Total de visualizações de página

sábado, 7 de janeiro de 2012

A corrupção continua forte atrás das cortinas da CBF

Mais um grave escândalo de corrupção foi alardeado nestes primeiros dias de 2012.
Em entrevista à rádio Jovem Pan, Gutemberg Fonseca, ex – árbitro do quadro da FIFA, revelou que existe uma série de favorecimentos dentro da Comissão Nacional de Arbitragem(CONAF)  e que os juízes escalados precisam ligar para o presidente da entidade, Sérgio Corrêa, para "receberem instruções" antes das partidas.
As declarações foram dadas por Gutemberg Fonseca  após a perda de seu distintivo Fifa, o que acabou culminando no encerramento de sua carreira. Para Sálvio Spínola, a atitude de seu antigo colega de profissão não condiz com o momento, uma vez que o caso deveria ter sido exposto anteriormente, e não após a troca de escudo com o carioca Péricles Bassols.

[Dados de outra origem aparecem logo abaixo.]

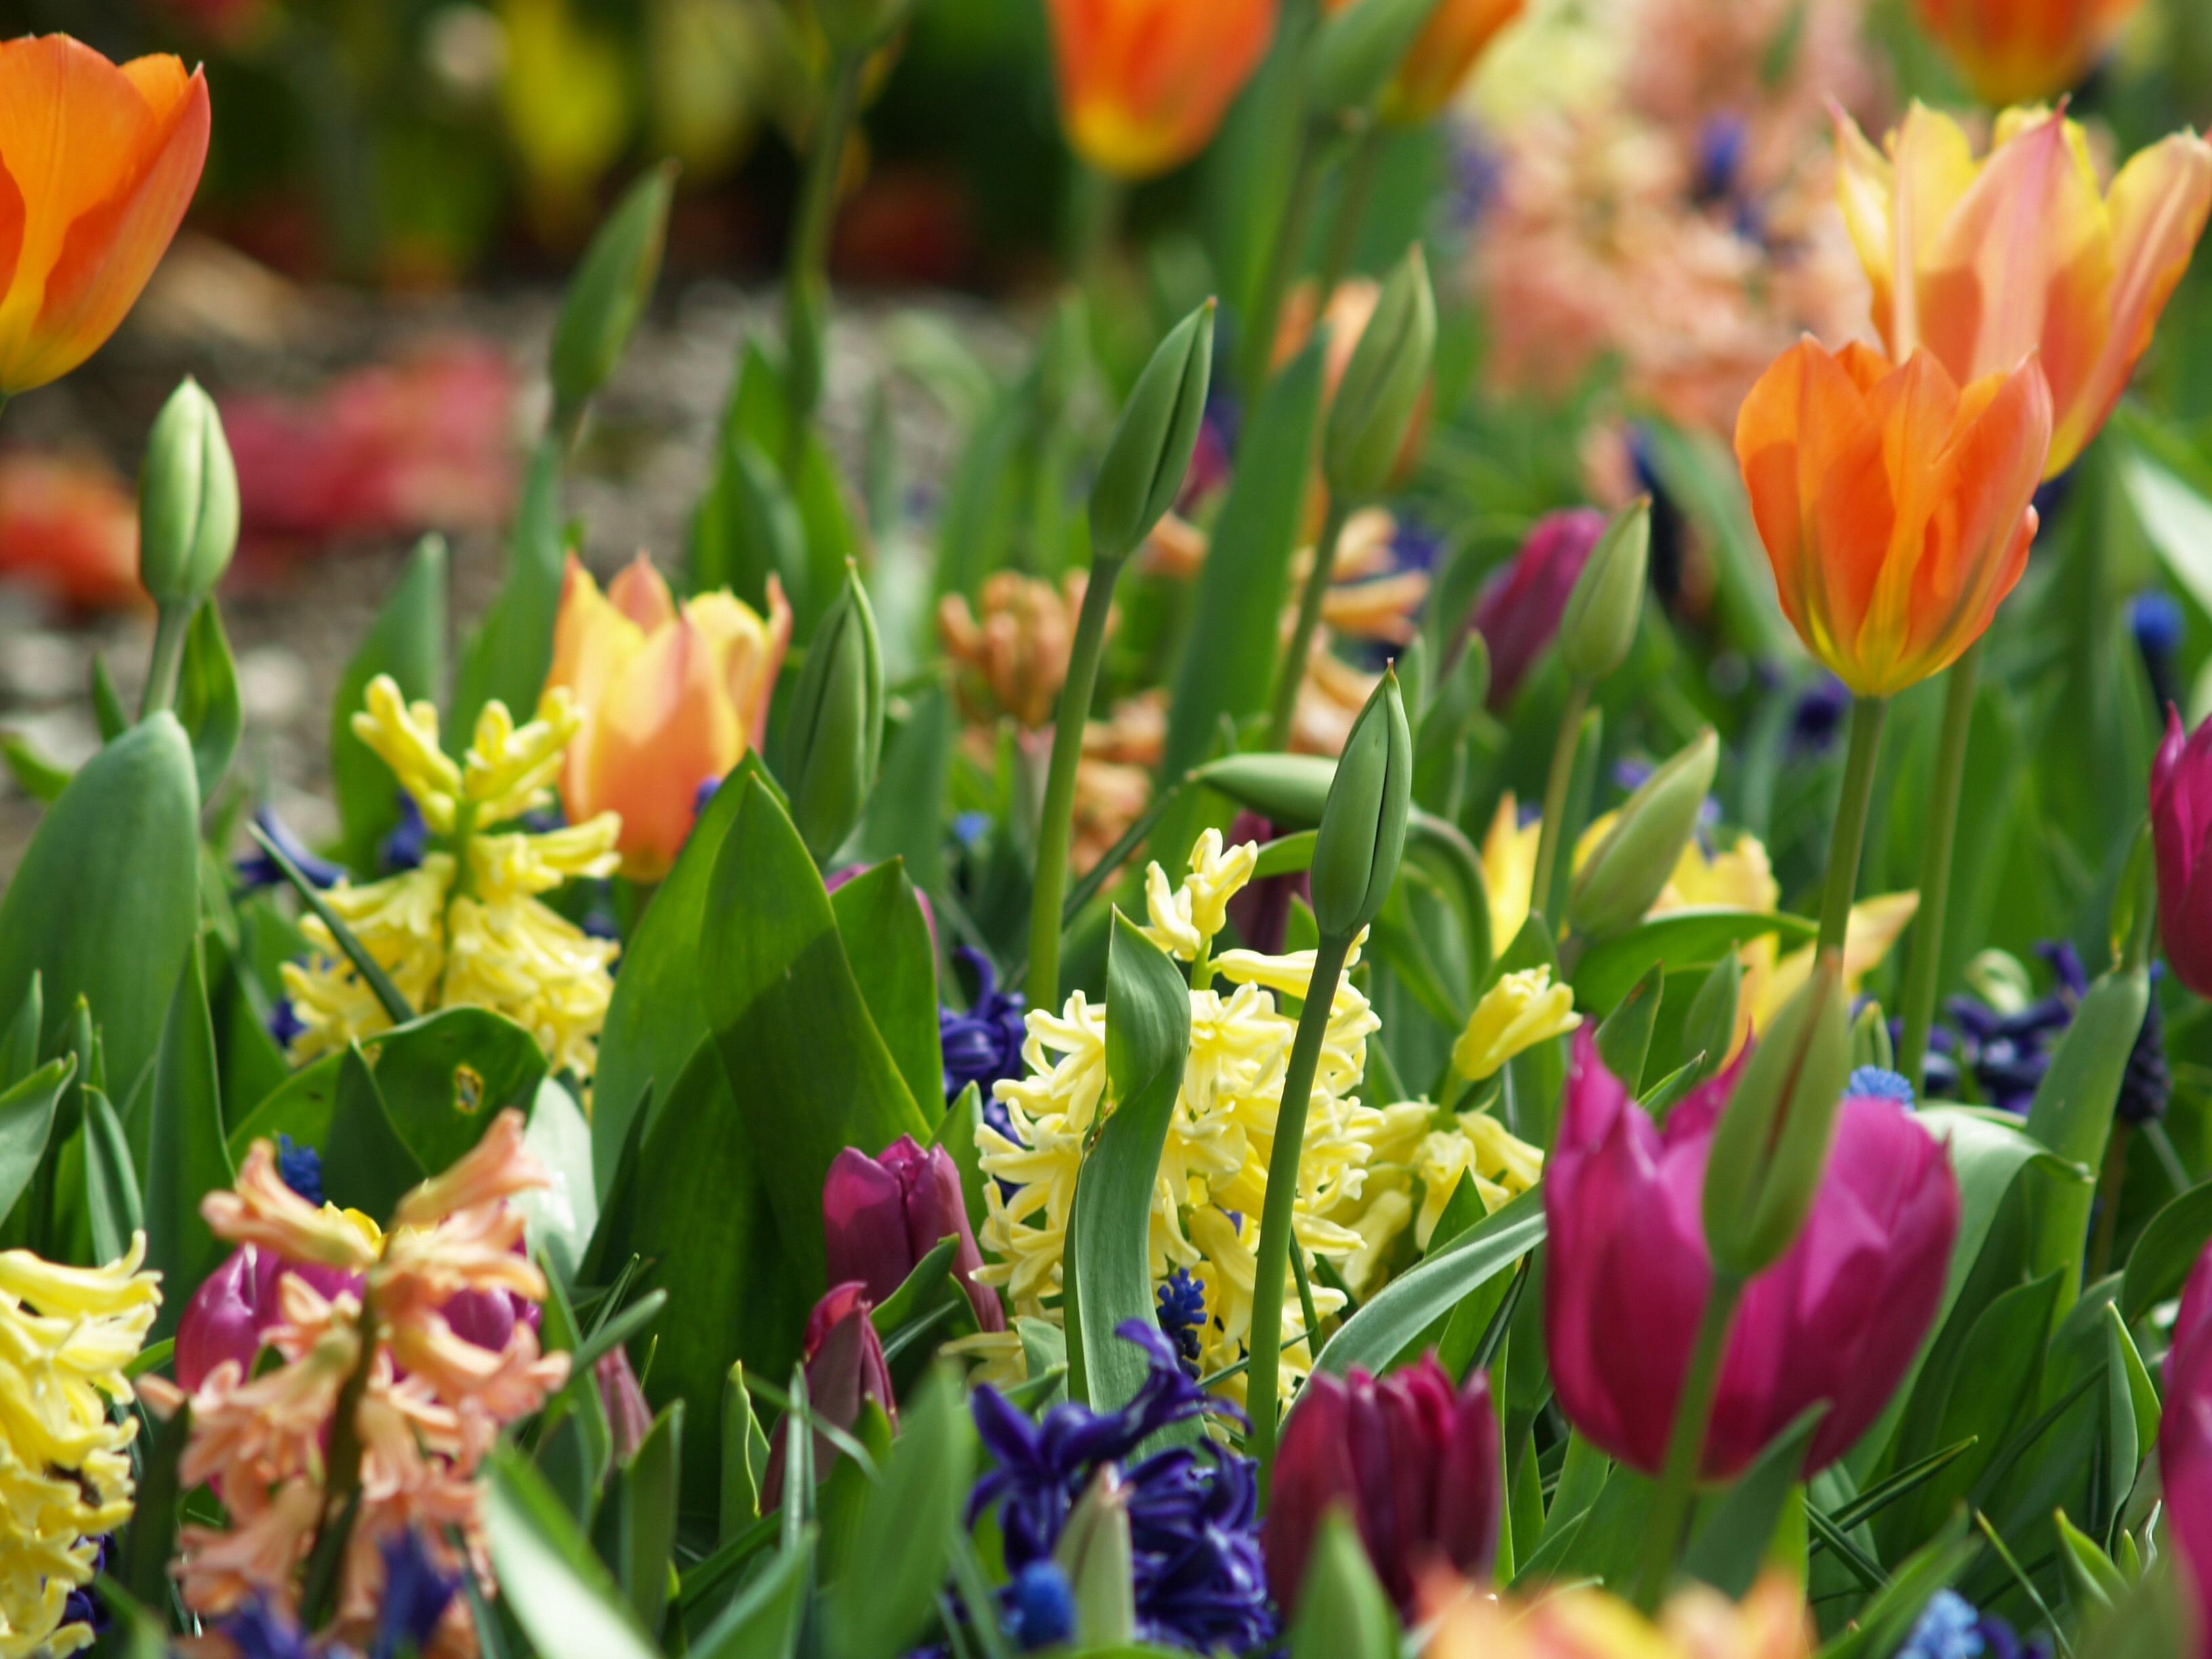 Красивое фото с весенними цветами

Um dos casos citados por Gutemberg ocorreu antes da partida entre Corinthians e Goiás, pelo Campeonato Brasileiro de 2010. Seguindo a orientação de Sérgio Corrêa, o ex-árbitro ligou para o presidente da CONAF, sendo o seguinte o teor do diálogo:
"Ele inventou essa situação. Eu liguei antes do Corinthians e Goiás, que o Corinthians ganhou de 5 a 1, e ele me disse: "vai lá, vai apitar o jogo do Timão, hein". E o que eu posso entender por isso? Que se o Corinthians não ganhar eu posso nunca mais apitar. Ser punido e não entrar mais em escala? E tudo isso está documentado, por isso falo com tranquilidade", comentou.
O ex-representante carioca no quadro da Fifa, não vê motivo para ter seu escudo de àrbitro retirado, já que passou em todos os testes físicos e jogando mais lenha na fogueira, ainda afirmou que, assim que parou de telefonar, passou a ficar fora das escalas.

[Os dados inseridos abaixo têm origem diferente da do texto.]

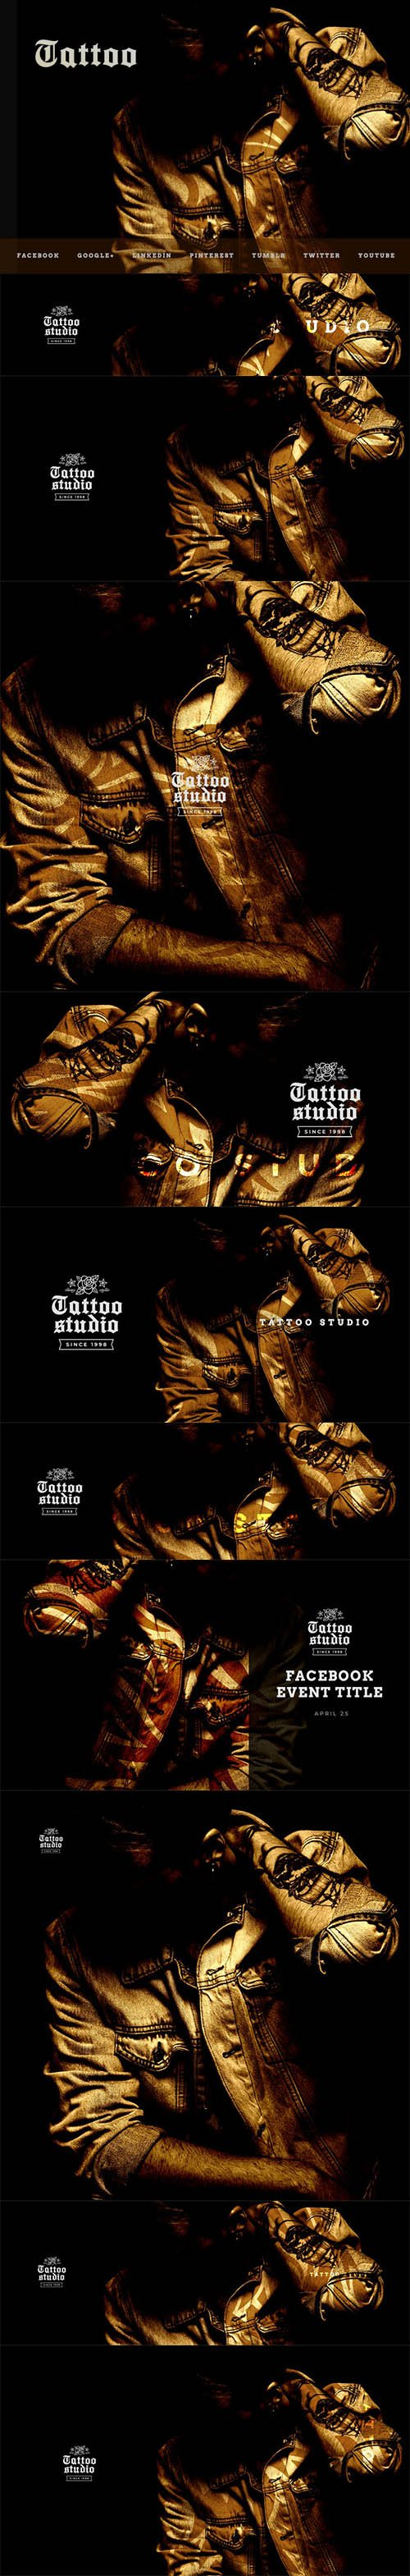 Tattoo Studio - Social Media Kit

Por fim, Gutemberg garantiu que nenhuma providência foi tomada pelo fato de o presidente da Confederação Brasileira de Futebol (CBF), Ricardo Teixeira, procurando isentar o corrupto dirigente por este “estar preocupado com questões envolvendo a Copa do Mundo de 2014, no Brasil”.
Os fatos acima mostram que os grandes escândalos do passado, como a máfia do apito; no qual a CBF e o ex-árbitro Edison Pereira de Carvalho foram condenados em fevereiro do ano passado(2011)  pela 17ª Vara Cível da Justiça de São Paulo a pagarem R$ 180 milhões; continuam a ocorrer, favorecidos por grandes interesses financeiros por trás das cortinas da CBF.